As rural broadband access reaches a critical mass, the cost of bringing Big Data and the Internet of Things (IoT) to the farm has decreased. According to AgFunder, “Farm Tech startup investment bucked global venture capital markets across sectors by increasing 6.8% year-over-year to $4.7 billion in 2019; some 370% more than in 2013.”

To best evaluate the different offerings, it is important to understand the variability in remote sensing sources and technology. Each source of data has a different value for different aspects of the agriculture market. And in the end, different insights can be produced with access to the same data source.

The Basics: Satellite Remote Sensing for Agriculture

While using satellite data doesn’t require an in-depth understanding of how the technology works, having working knowledge of a few key concepts helps to better understand what is feasible with the technology.

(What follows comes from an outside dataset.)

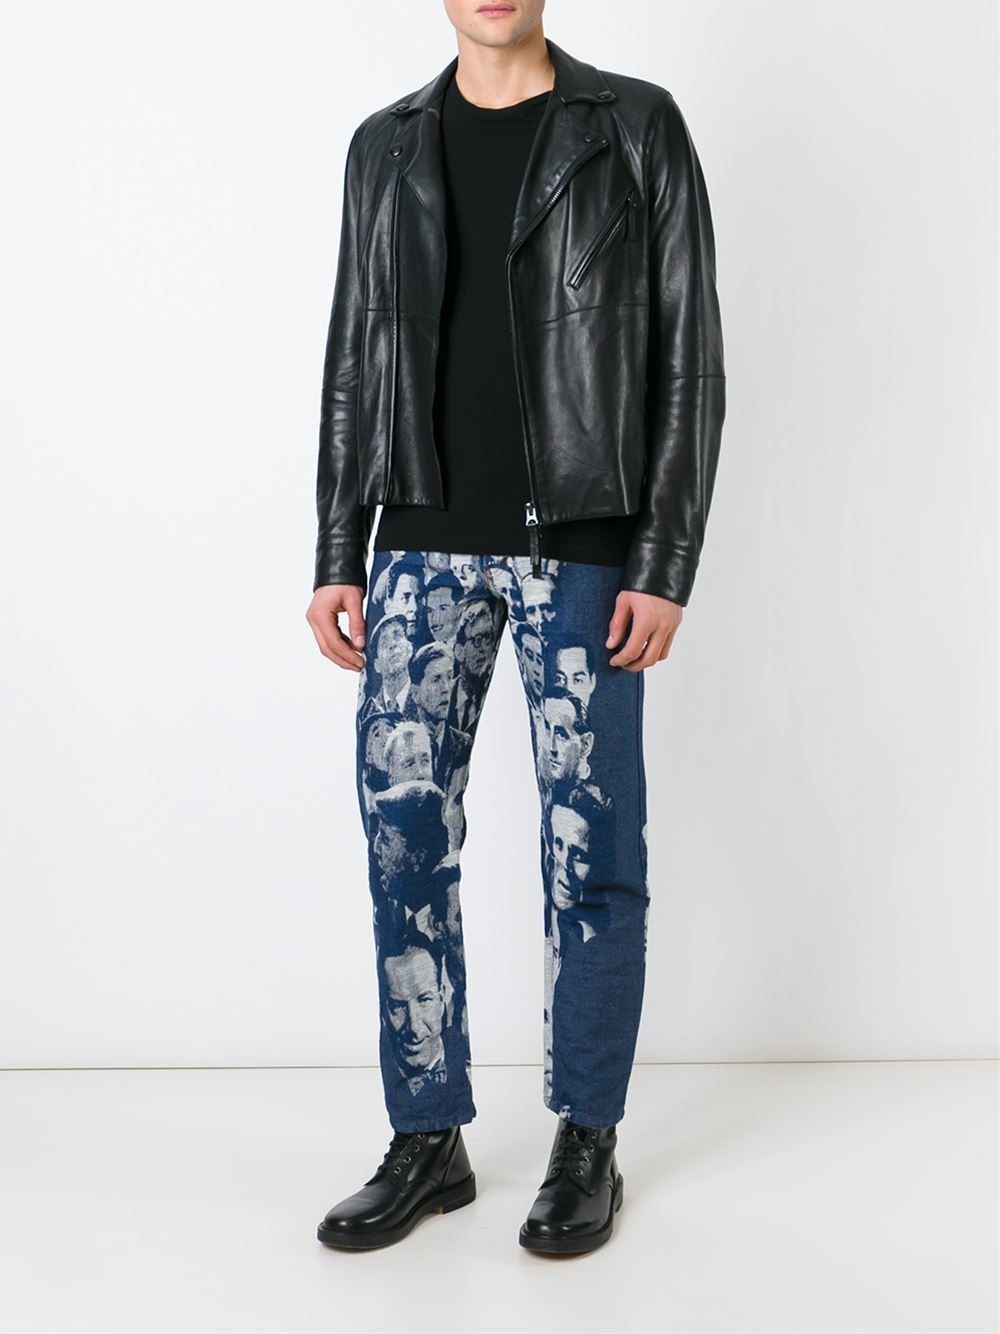 Jean Paul Gaultier Jacquard Face Jeans in Blue | Lyst

In Understanding and Evaluating Satellite Remote Sensing Technology In Agriculture, we cover these four key principles:

  • Resolutions and Revolutions
  • Cross-Calibrating Measurement
  • Crop Health Indices
  • The Power of Processing

This is a great resource and worth a read for anyone looking to build their knowledge base. In this post, we’re going to build on this by taking a closer look at various remote sensing sources for imagery.

Remote Sensing Sources

Depending on the needs of the end user, various remote sensing sources can help solve the same problem. Each solution offers tradeoffs between resolution, data quality, availability, and cost. Geosys serves as a veteran in remote sensing technology with 30+ years of experience using satellite data in addition to aerial and drone imagery. Due to the need for scalability and quantity requirements, satellites serve as our main source of data.

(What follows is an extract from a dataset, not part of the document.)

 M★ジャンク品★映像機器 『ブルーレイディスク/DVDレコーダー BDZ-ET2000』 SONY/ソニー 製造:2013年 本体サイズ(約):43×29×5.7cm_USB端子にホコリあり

High-Resolution Satellites have a spatial resolution between 3 meters and 30 centimeters. These satellites acquire data based on a tasking schedule. Customers request an area of interest (AOI) and time of interest (TOI) to be placed on this schedule – timing from request to acquisition varies, but typically an image is received within 1-4 weeks. All images are stored in an archive and available for purchase at a discounted price when compared to tasking a new image. Examples of high resolution satellites include Pleiades and Deimos-2.

Due to their resolution and coverage area, high-resolutions satellites can be valuable for agriculture. Acquisition swath widths range from 12-20 km, so one single image will often cover multiple fields – decreasing the costs-per-acre with larger requests. Data quality is very high which allows for comparing one image to the next, as well as one field to another. However, there are also some drawbacks.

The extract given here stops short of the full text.